Os jovens voltam a correr, mas uns passos mais adiante se deparam com um grupo de cholos. “Todos quietos. As mulheres para lá. Ei, vagabunda, levante-se. O que está olhando? Já te levo para passear, clarinha”, grita um dos supostos assaltantes a uma das garotas. Ninguém erra. Todos estão embrenhados em seu papel. E assim, entre falsos disparos, esconderijos, encontros com narcotraficantes, fugas da polícia, longas esperas e caminhadas na lama, charcos, espinhos, pedras, areia e túneis sufocantes, os jovens percorrem quase três quilômetros em quatro horas. Somente alguns chegam ao outro lado e aí os guias voltam a contar fragmentos de suas vidas. “Estive duas semanas sem comer e quando cheguei ao outro lado fui traído pela vendedora que me atendeu em uma barraca de comida. Era uma paisana, acreditam?” conta o Comander. “Os cholos são mexicanos que estão à espera para roubar tudo dos que querem cruzar. Apontam pistolas para a sua cabeça, violam as mulheres na sua cara.

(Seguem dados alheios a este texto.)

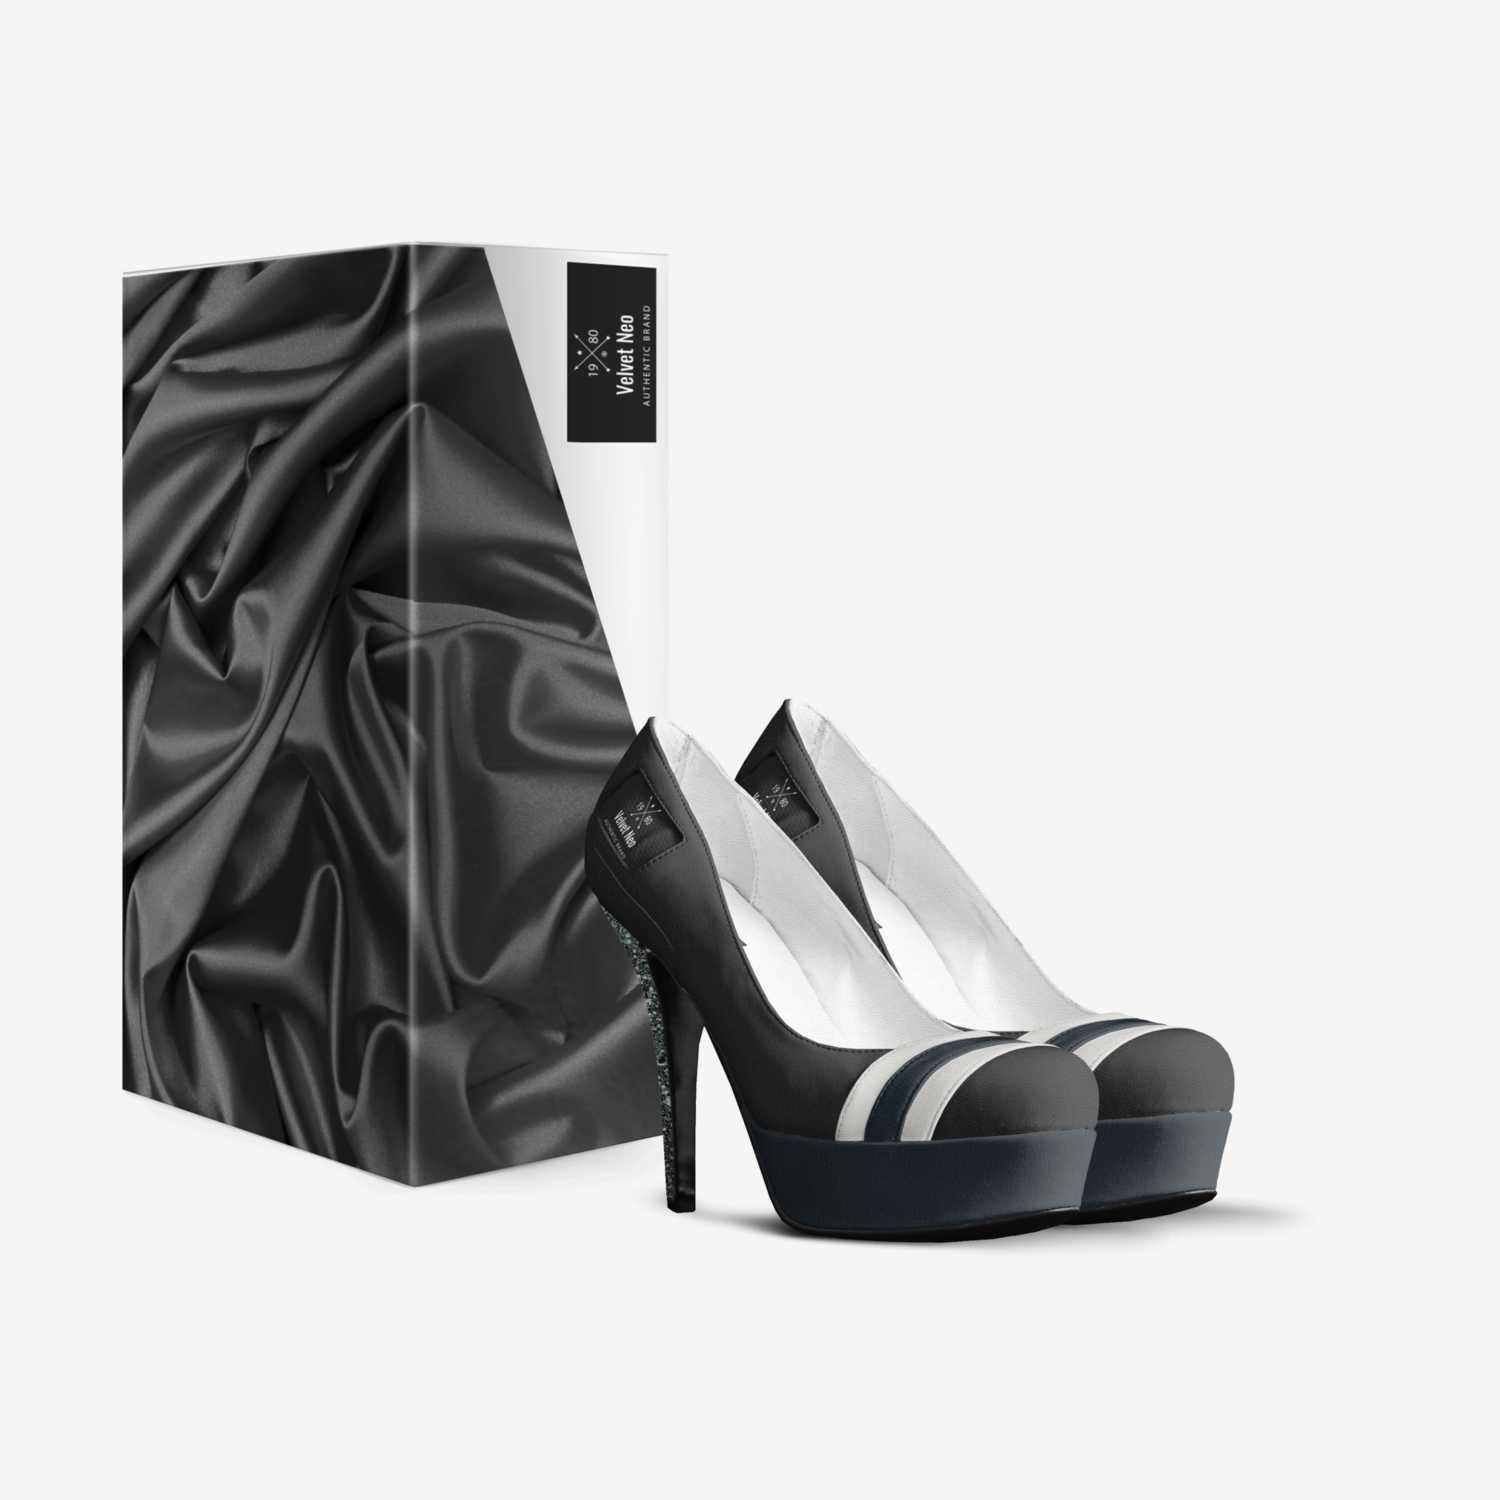 Velvet Neo custom made in Italy shoes by Shantae Esannason | Box view

E se você não obedece, te matam”, explica Simón.

Os hñä hñüs não só tentam conscientizar as pessoas sobre os perigos da imigração irregular, mas também fazê-las refletir sobre a importância da solidariedade mexicana. Quando parece que a atividade terminou, os guias ordenam que todos do grupo vendem os olhos e caminhem uns metros para descobrir a última surpresa: umas 30 pessoas do povoado iluminaram com umas 300 lanternas toda a montanha. Em seguida, pedem aos voluntários que ergam uma bandeira do México e aos demais que cantem o hino nacional. Não o fazem com ânimo nacionalista, mas como uma demonstração do trabalho em equipe. E assim é concluída a caminhada noturna. Com um abraço e um café quente.